If you apply for a new credit card with an introductory APR period, whether it’s to cover an essential big-ticket repair, the cost of inventory or to transfer existing debt from a high-interest credit card, it’s vital to make a plan. Calculate exactly how much you’ll need to contribute every month to pay off your balance before the promotional period expires and stick to it until the balance is paid off. This way you can make the most of that 0 percent interest rate deal to be back in the black before the rate increases and interest fees are added to the amount you owe.

Add loans and lines of credit as needed

Of course, credit cards aren’t the only products that can help you through a hard time. Banks, credit unions and online lenders issue business loans to qualified applicants. The money is available as a lump sum and interest is built into the loan and a portion of the payments. If a large business expense is looming and you need a year or longer to pay it off, a business loan is usually preferable to a credit card. The interest rates tend to be lower and the balance won’t impact your credit utilization ratio, which is a significant credit scoring factor.
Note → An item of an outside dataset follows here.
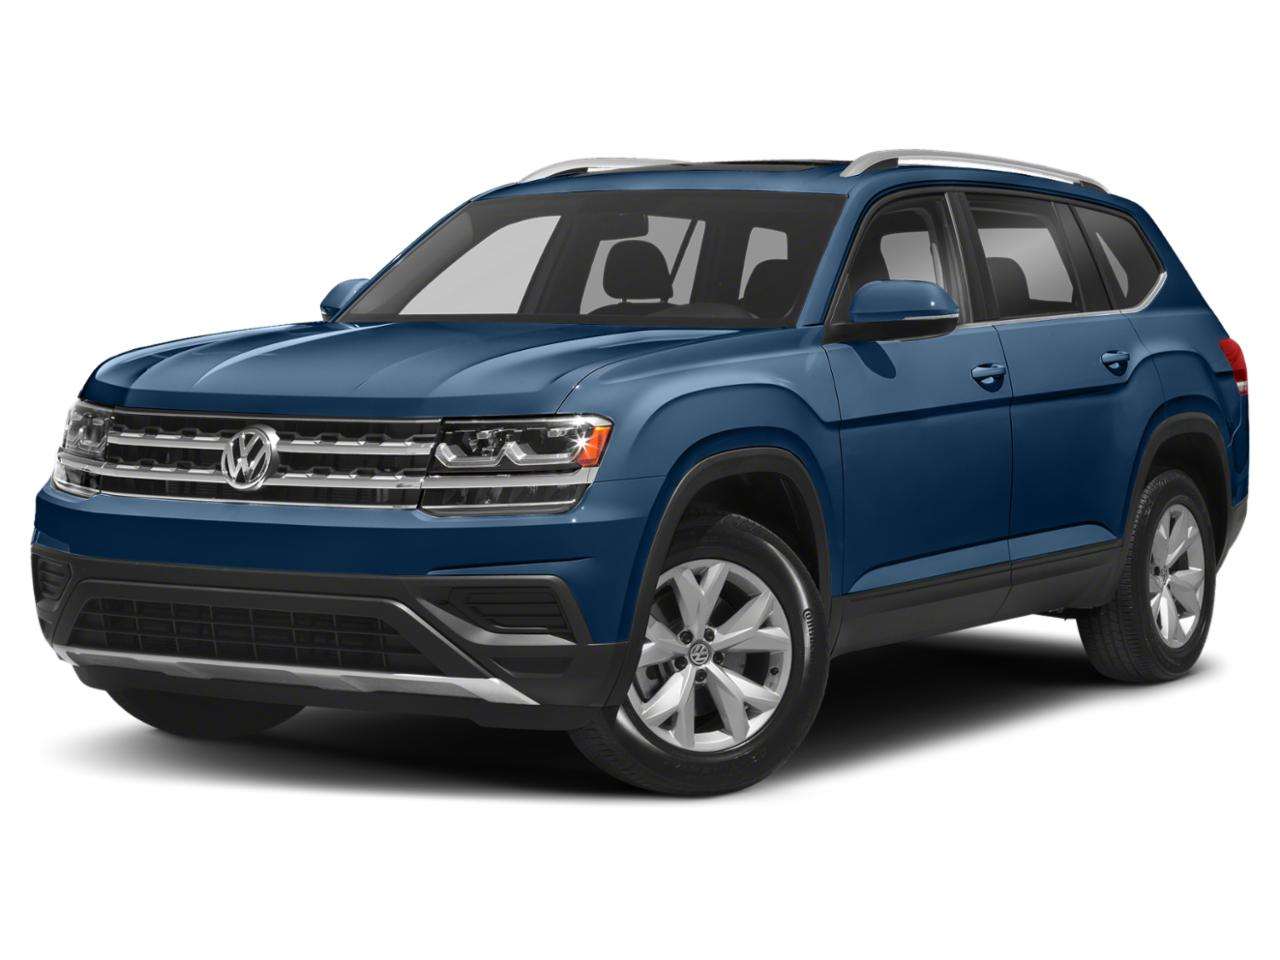 2018 Volkswagen Atlas Vehicle Photo in San Antonio, TX 78238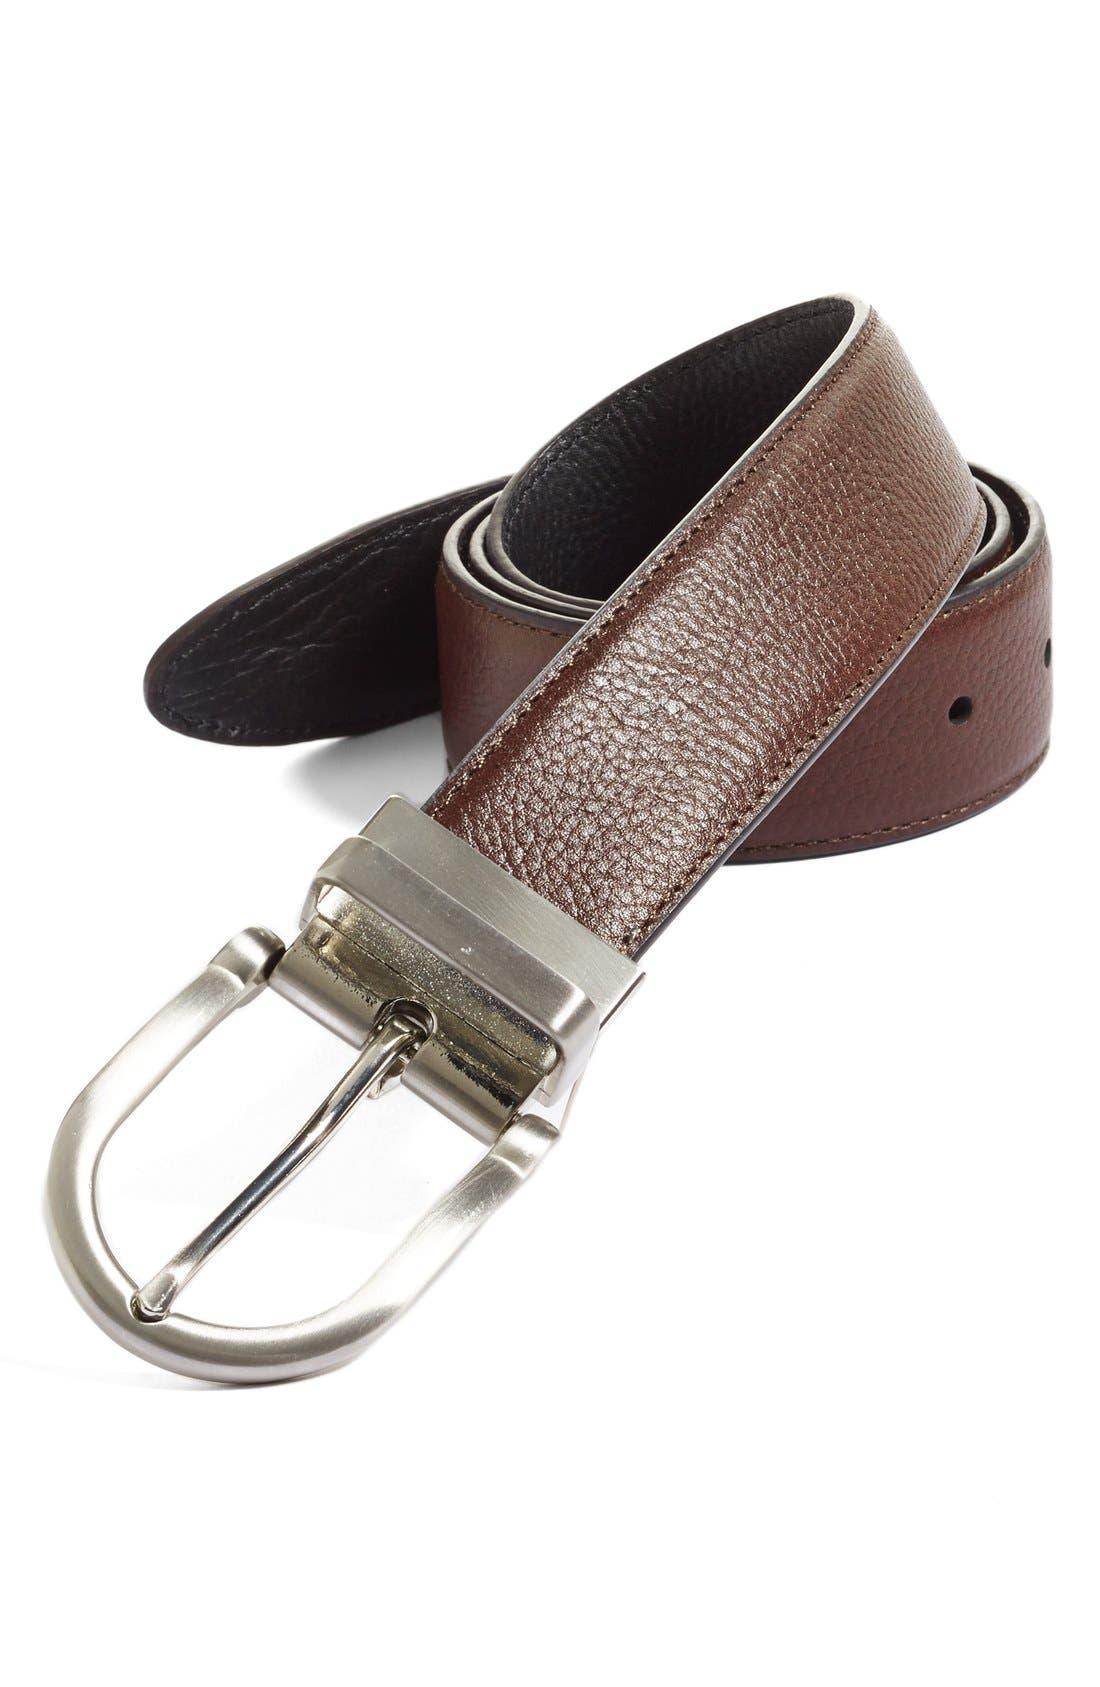 Alternate Image 1 Selected - Nordstrom Reversible Leather Belt

Many banks and credit unions also offer business lines of credit, which give you flexible access to capital. You can withdraw any amount up to the credit line and interest accrues only on the balance. Lines of credit have draw periods, such as five years, when the funds can be accessed. Any debt not paid after that time is transitioned into a loan. Qualification and terms depend on your credit history and assets, as well as past and projected revenue.

“Having access to tools that you can manage will help you over the long-term,” says Pifer. “The SBA is still offering Disaster Loans through December 2021, with a 3.75 percent interest rate over a 30-year term. You can’t do much better than that. There are restrictions, but you can use it to pay off other debt.”

Another option is to ask a relative or friend for help. They may be willing to offer loans and become business partners, taking a share of the company’s proceeds when they come in again. Or they may act as a lender, where you repay in regular increments, with or without interest being added.

The bottom line

If you’re a small-business owner, the future may be looking at least a bit brighter than it has in the recent past. The key is to recognize that it’s not quite business as usual yet (and maybe ever). We’re all enjoying the opportunity for a little optimism, but it’s important not to get complacent. “We’re still in unknown territory with the Delta variant and customer buying habits may have changed forever,” says Pifer. Remain flexible and try to plan ahead as much as possible.